Turns out she was 100% convinced that my mission as the DM was to fuck up with them and make it basically impossible for the PCs to get relevant info and advance the plot, and everything time I was warning her to stop doing some shit clearly meant that she was doing the right thing because I didn't want her to do it

>>"I cut the tongue of one of them, cut the dick of another guy and then put the dick on the mouth of the one without a tongue"

nononono

So did you make her reroll and use her character as a villain later in the campaign?

Fuck this. Did you tell her what your actual job as GM was and that she was very much doing it wrong the whole time?

Or hell, that she wasn't welcome to play anymore? If she's like that at the table that is NOT a woman you want to be in a relationship with anyway.

That could have been an idea, but instead I banned her from the game and that weird torturer heroine was never seen again, much to everybody's joy

Or maybe you do
With an imagination like that she'd be pretty kinky irl

Well thats also a way to resolve that

Funny thing is, she did all of this with the most innocent smile in her face, she honestly did not understand what was wrong with torturing some guys as long as they were the bad guys

I'm marrying her later this year

Lmao
You still playing with her?

>running shadowrun
>crafted an amazing adventure that takes advantage of every player's traits and abilities
> they decline the run
>backuprun.jpeg
>they decline that one too
>backupofthebackup.gif
>declined
> that nights session ended up with them doing mundane shit, which i guess is fine

No, never, under any circumstances

never played shadowrun, why would they decline an adventure?

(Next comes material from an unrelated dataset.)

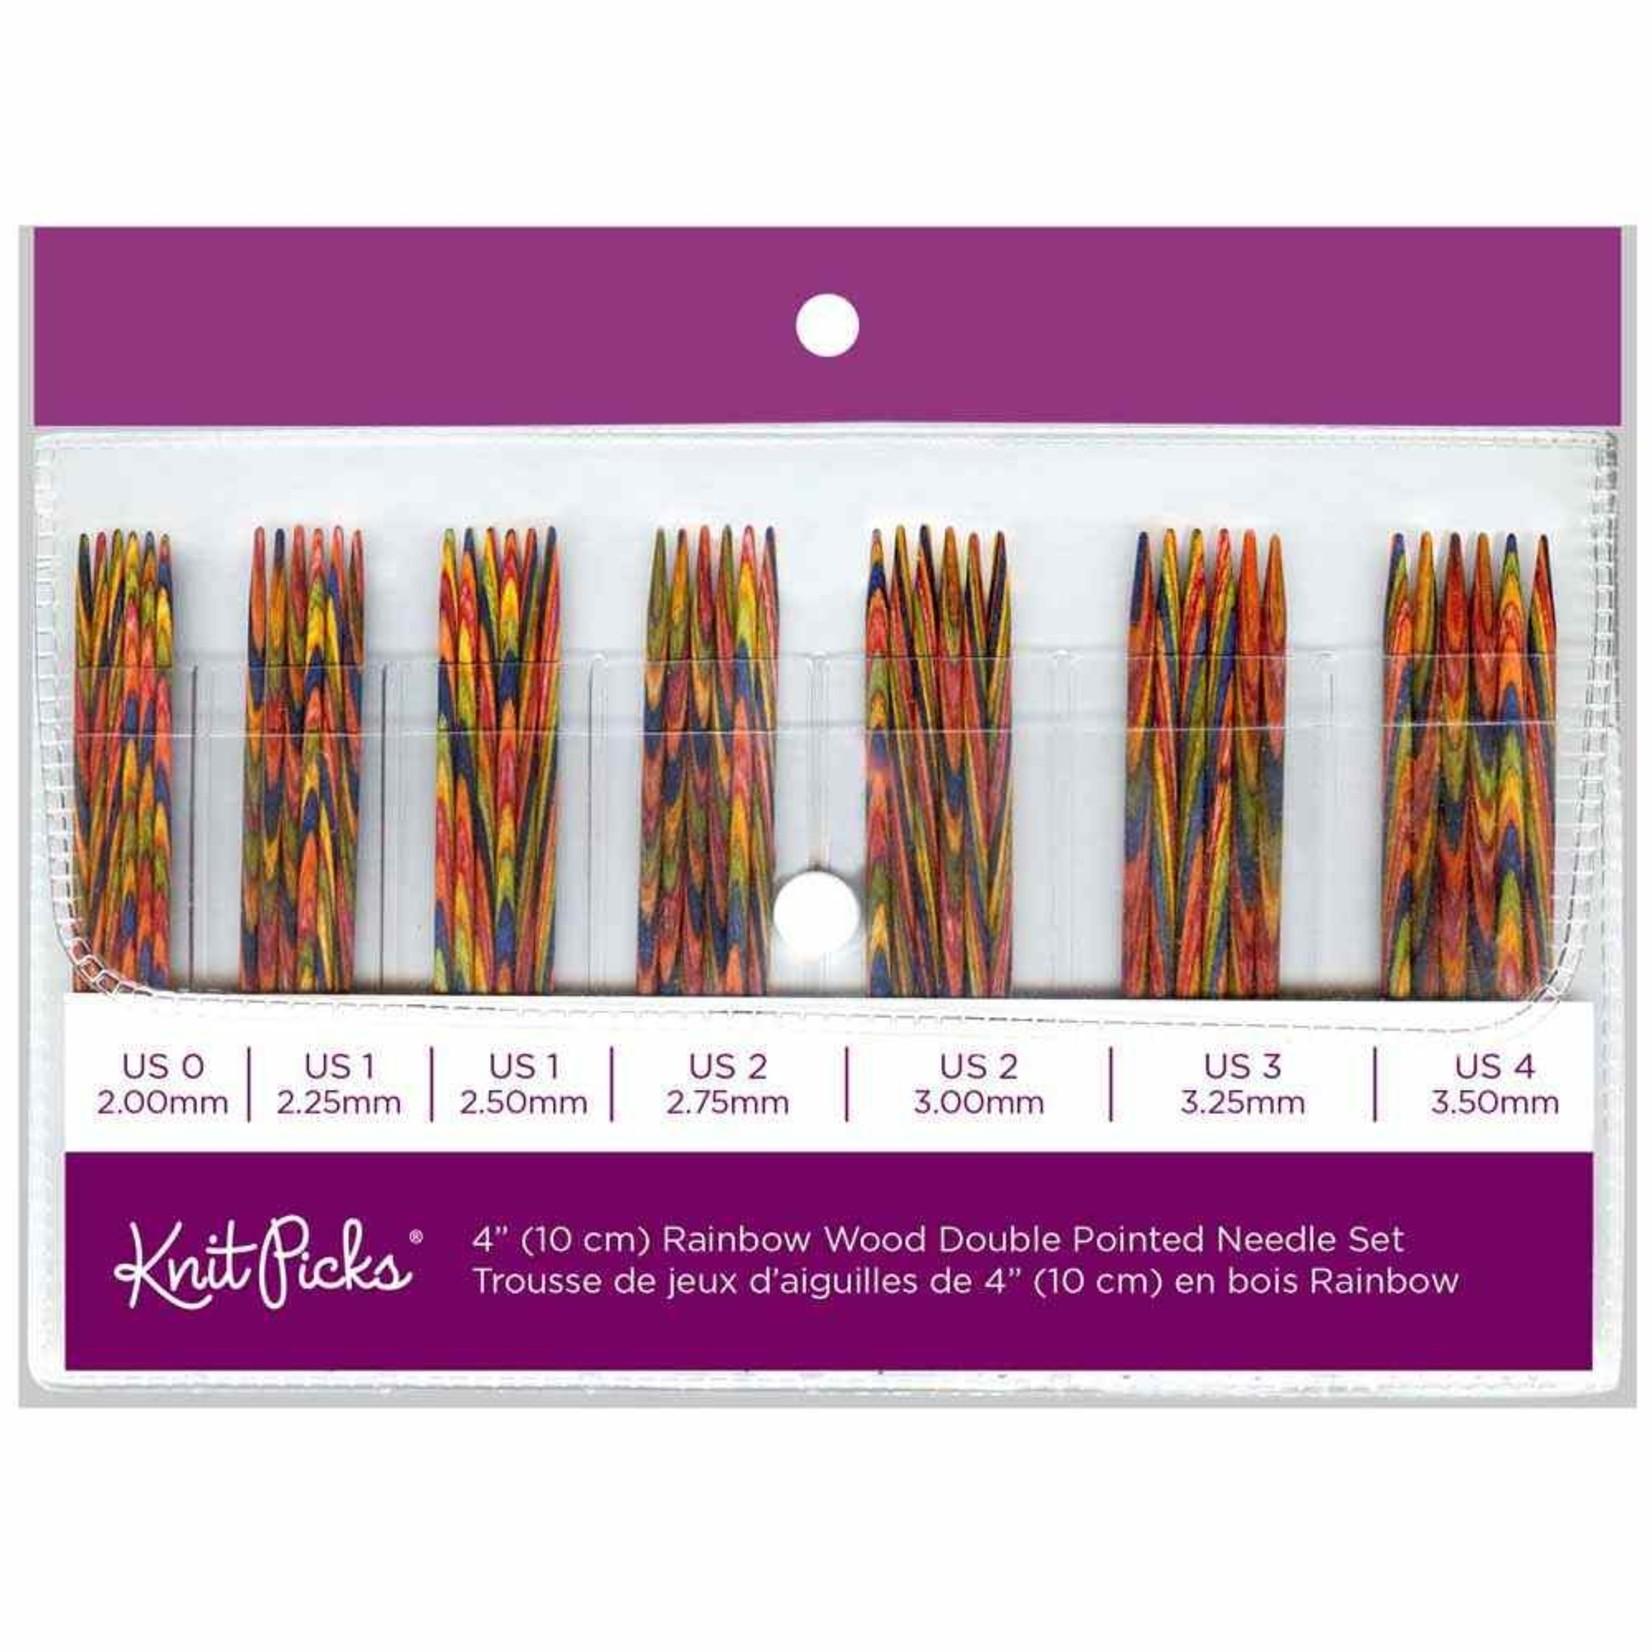 Knit Picks Knit Picks Rainbow DPN 5'' Kit

>tfw your going to have a accident with the lawnmower in the future

>her superpower is to make people agree with her
christ man that red flag had a neon sign and marching band.

> le pcs runaway from blatant plothook meme

I mean, I get where you are coming from but from a third party perspective that is just hillarious.

>playing cthulhu
>design village with dangerous stuff happening
>theres a bunch of factions and lots of things to do
>designing this took me a lot of time and effort
>the players refuse to go in there because "it's too scary"
>they want to go full gta and then drive to new zealand (we were playing on the eastcoast)
>30 minute irl discussion follows
>they play a bit
>they keep triggering me
>tpk with delightful descriptions on how they die

Had a big talk with them about never abandoning an adventure because the world doesn't really exist outside of what i've planned

OOC Ramblings are forbidden at our table to some degree because aside from wasting time this also breaks the immersion HARD.
Also "that guy" you described would probably not be invited to another session we would run.
He seems to not be enough about the Fantasy and the Roleplay and too much about the game.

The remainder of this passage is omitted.